Musculoskeletal Injury in the Masters Runners
Bibliographic record
Abstract
OBJECTIVE: To determine if injury patterns and risk factors for injury differ between masters and younger runners. DESIGN: Retrospective survey. SETTING: Hood to Coast running relay, Oregon, USA. PARTICIPANTS: A total of 2886 runners consented to participate and completed the survey. Ninety-four (2712/2886) percent completed the survey electronically and 6% (174/2886) manually. Master runners (>or=40 years) made up 34% of the population. INTERVENTION: The survey was distributed to all participants in the largest running relay in North America. Runners reported on training patterns, injury location, and diagnosis over the previous year. MAIN OUTCOME MEASURES: Descriptive statistics and chi analysis were used to detect differences in injury rate and location between masters and younger runners. Multivariate logistic regression models were used to identify risk factors for injury for each group. RESULTS: The injury rate for the entire population was 46%. Significantly more masters runners were injured than younger runners (P<0.05). More masters runners suffered multiple injuries than younger runners (P<0.001). Significantly more masters runners were male, had 7 or more years of running experience, run more than 30 miles/wk, 6 or more times/week and wear orthotics than younger runners (P<0.001). The knee and foot were the most common locations of injury for both groups.

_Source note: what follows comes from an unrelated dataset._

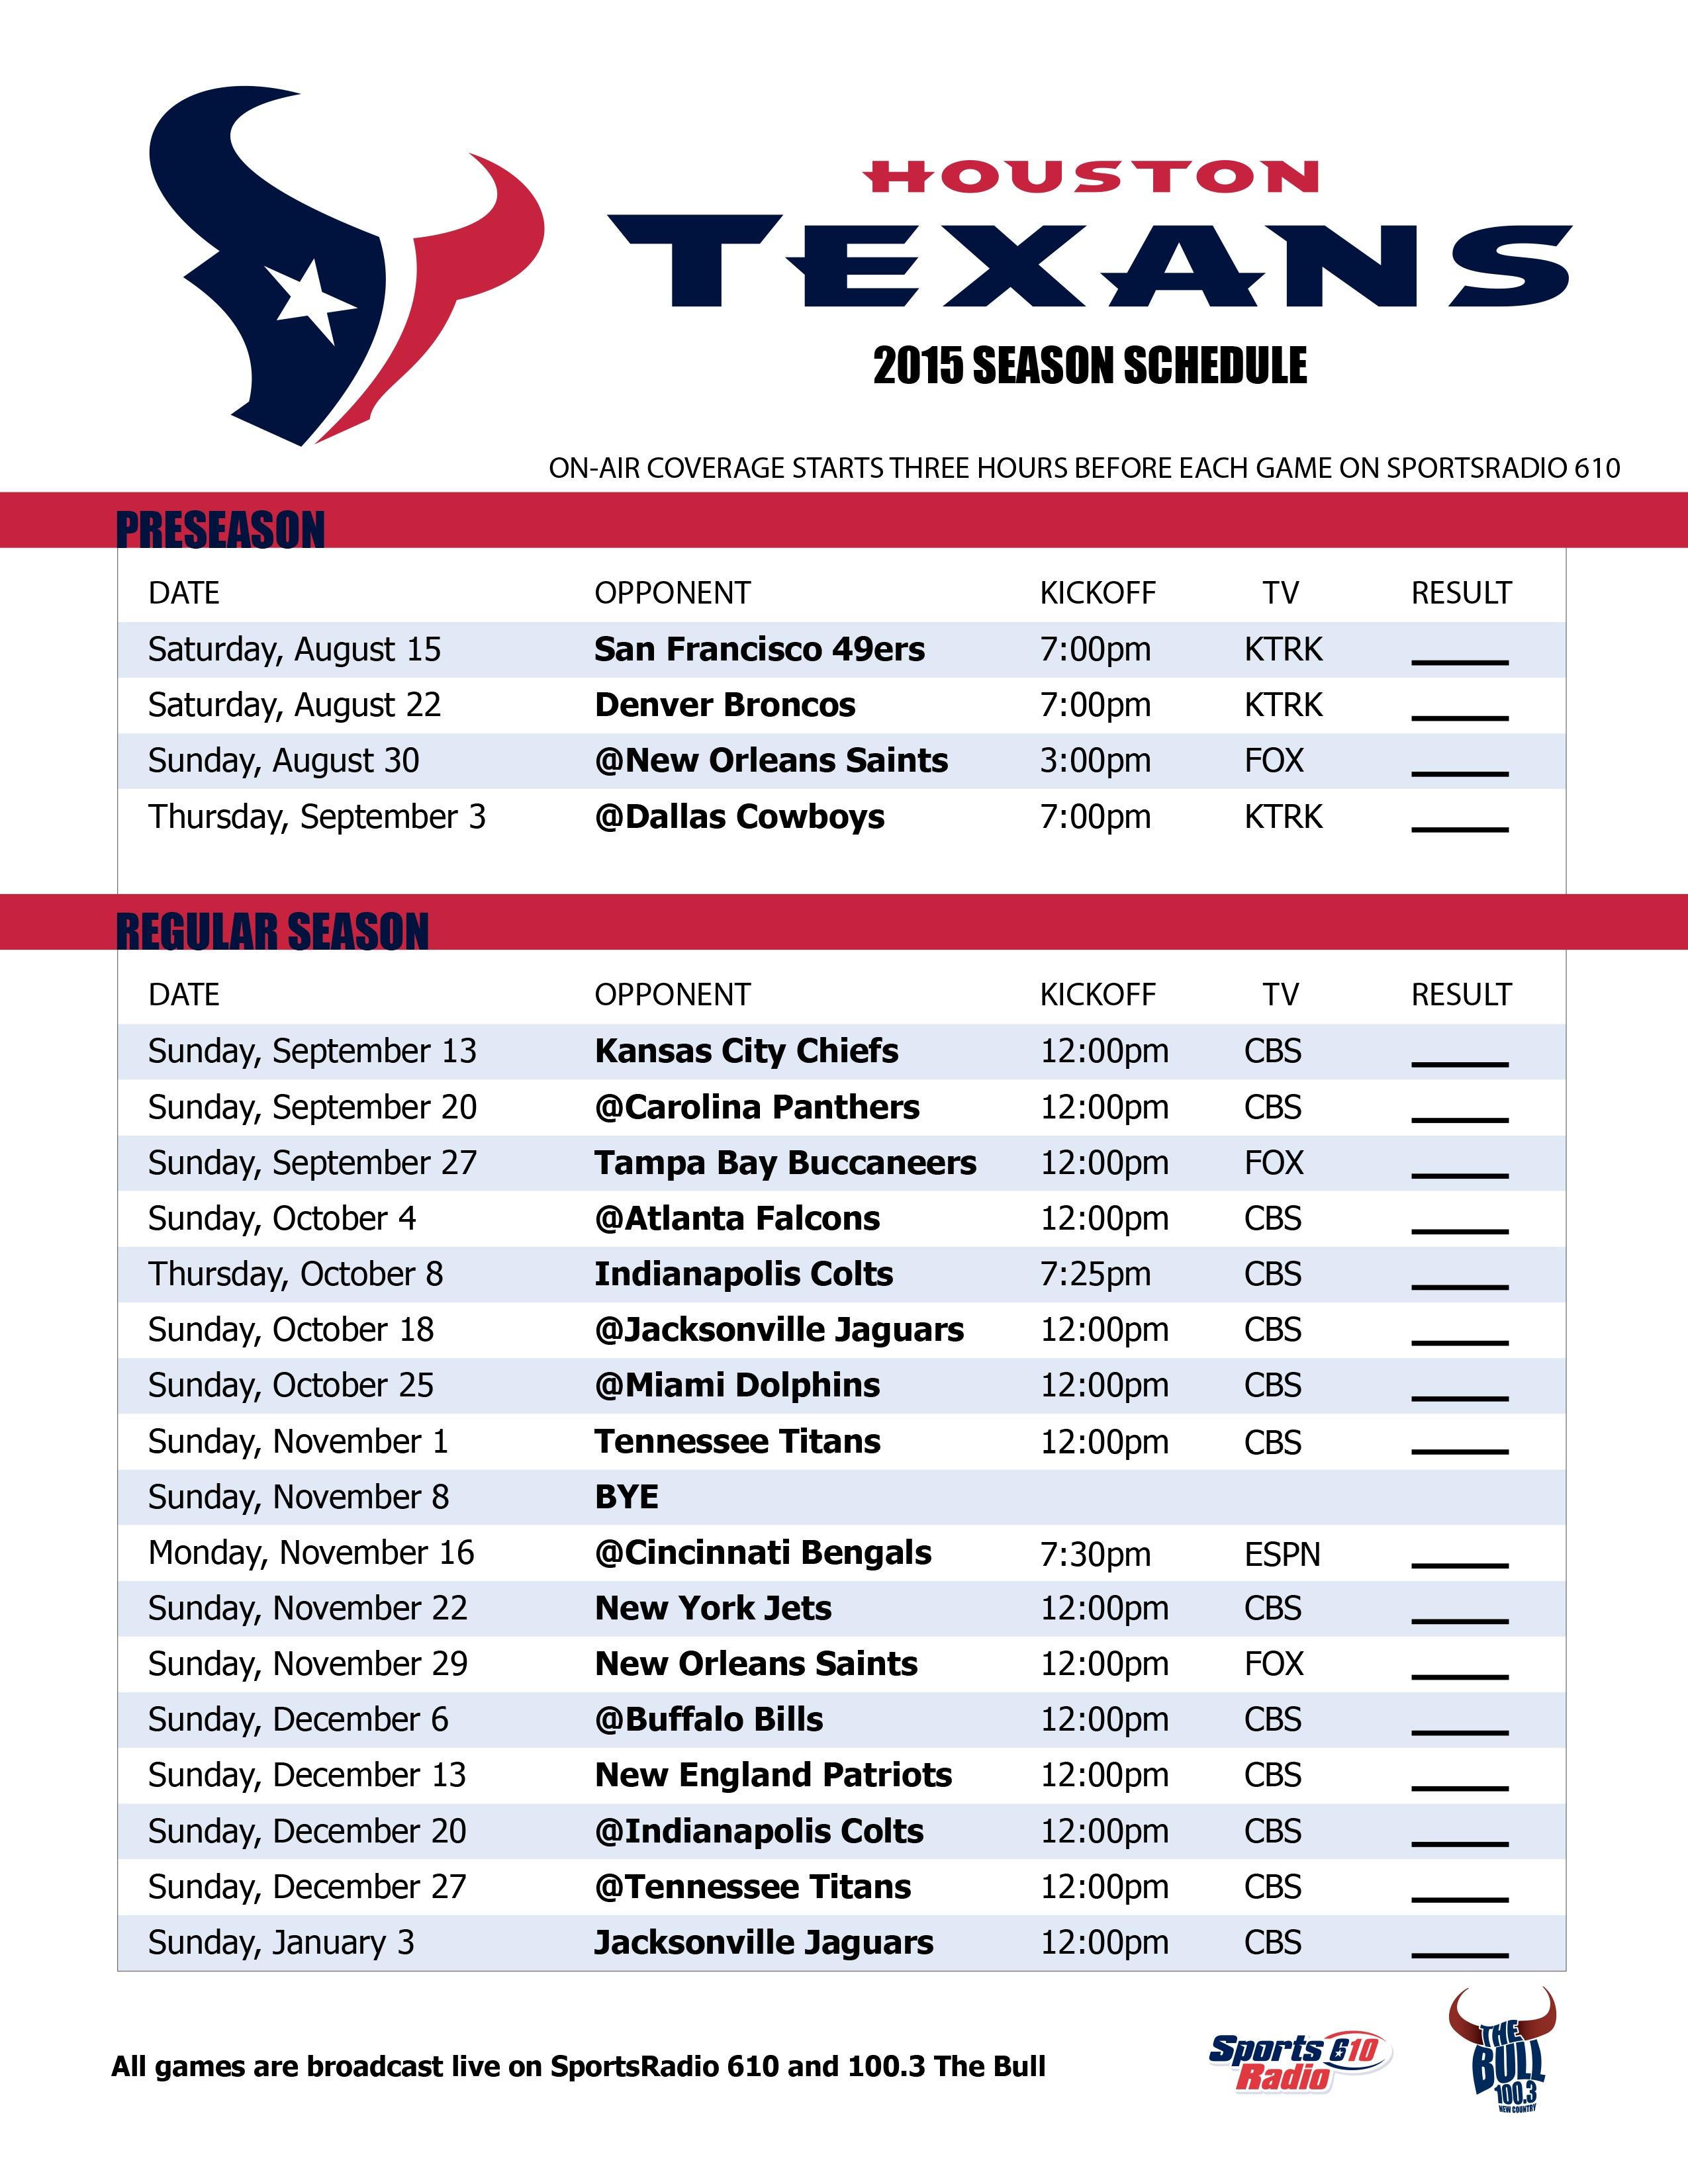 houston texans schedule 2015 2550x3300
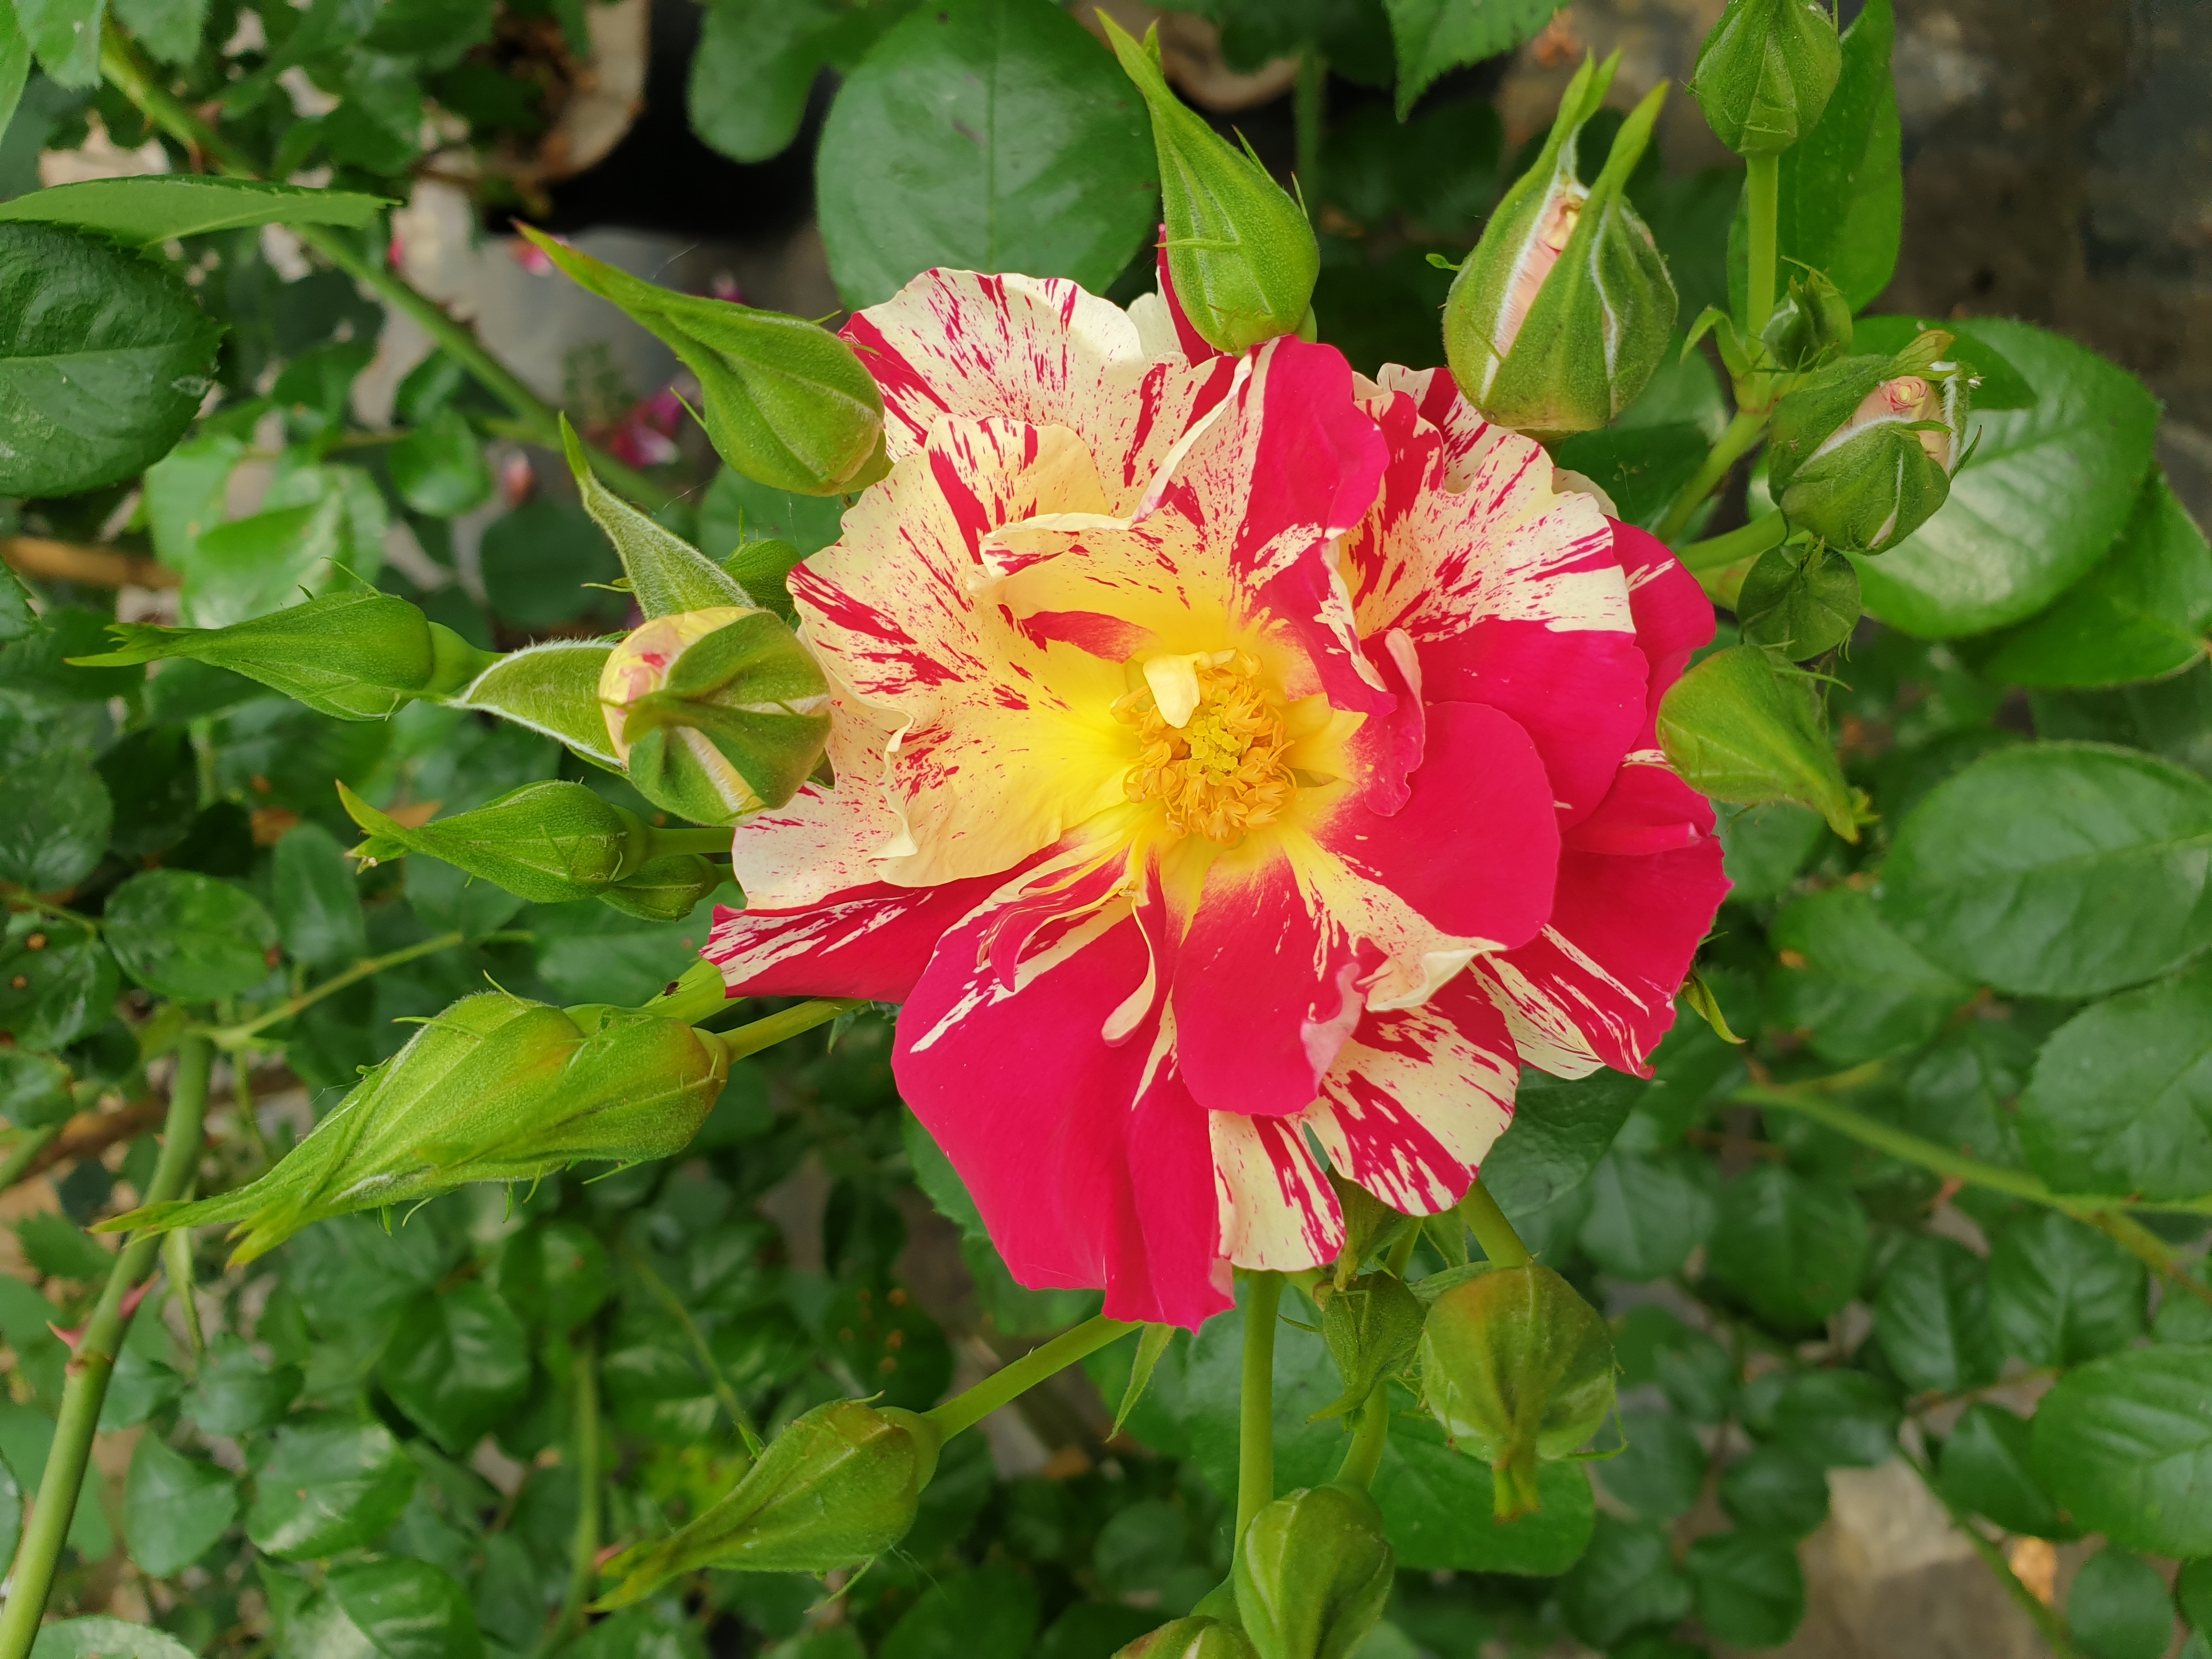 Rose Vihaipi

The prevalence of soft-tissue-type injuries to the calf, achilles, and hamstrings was greater in masters runners than their younger counterparts (P<0.001). Younger runners suffered more knee and leg injuries than masters runners (P<0.005). Running more times/wk increased the risk of injury for both groups. CONCLUSIONS: There were subtle differences in injury rate and location between masters runners and younger runners, which may reflect differences in training intensity.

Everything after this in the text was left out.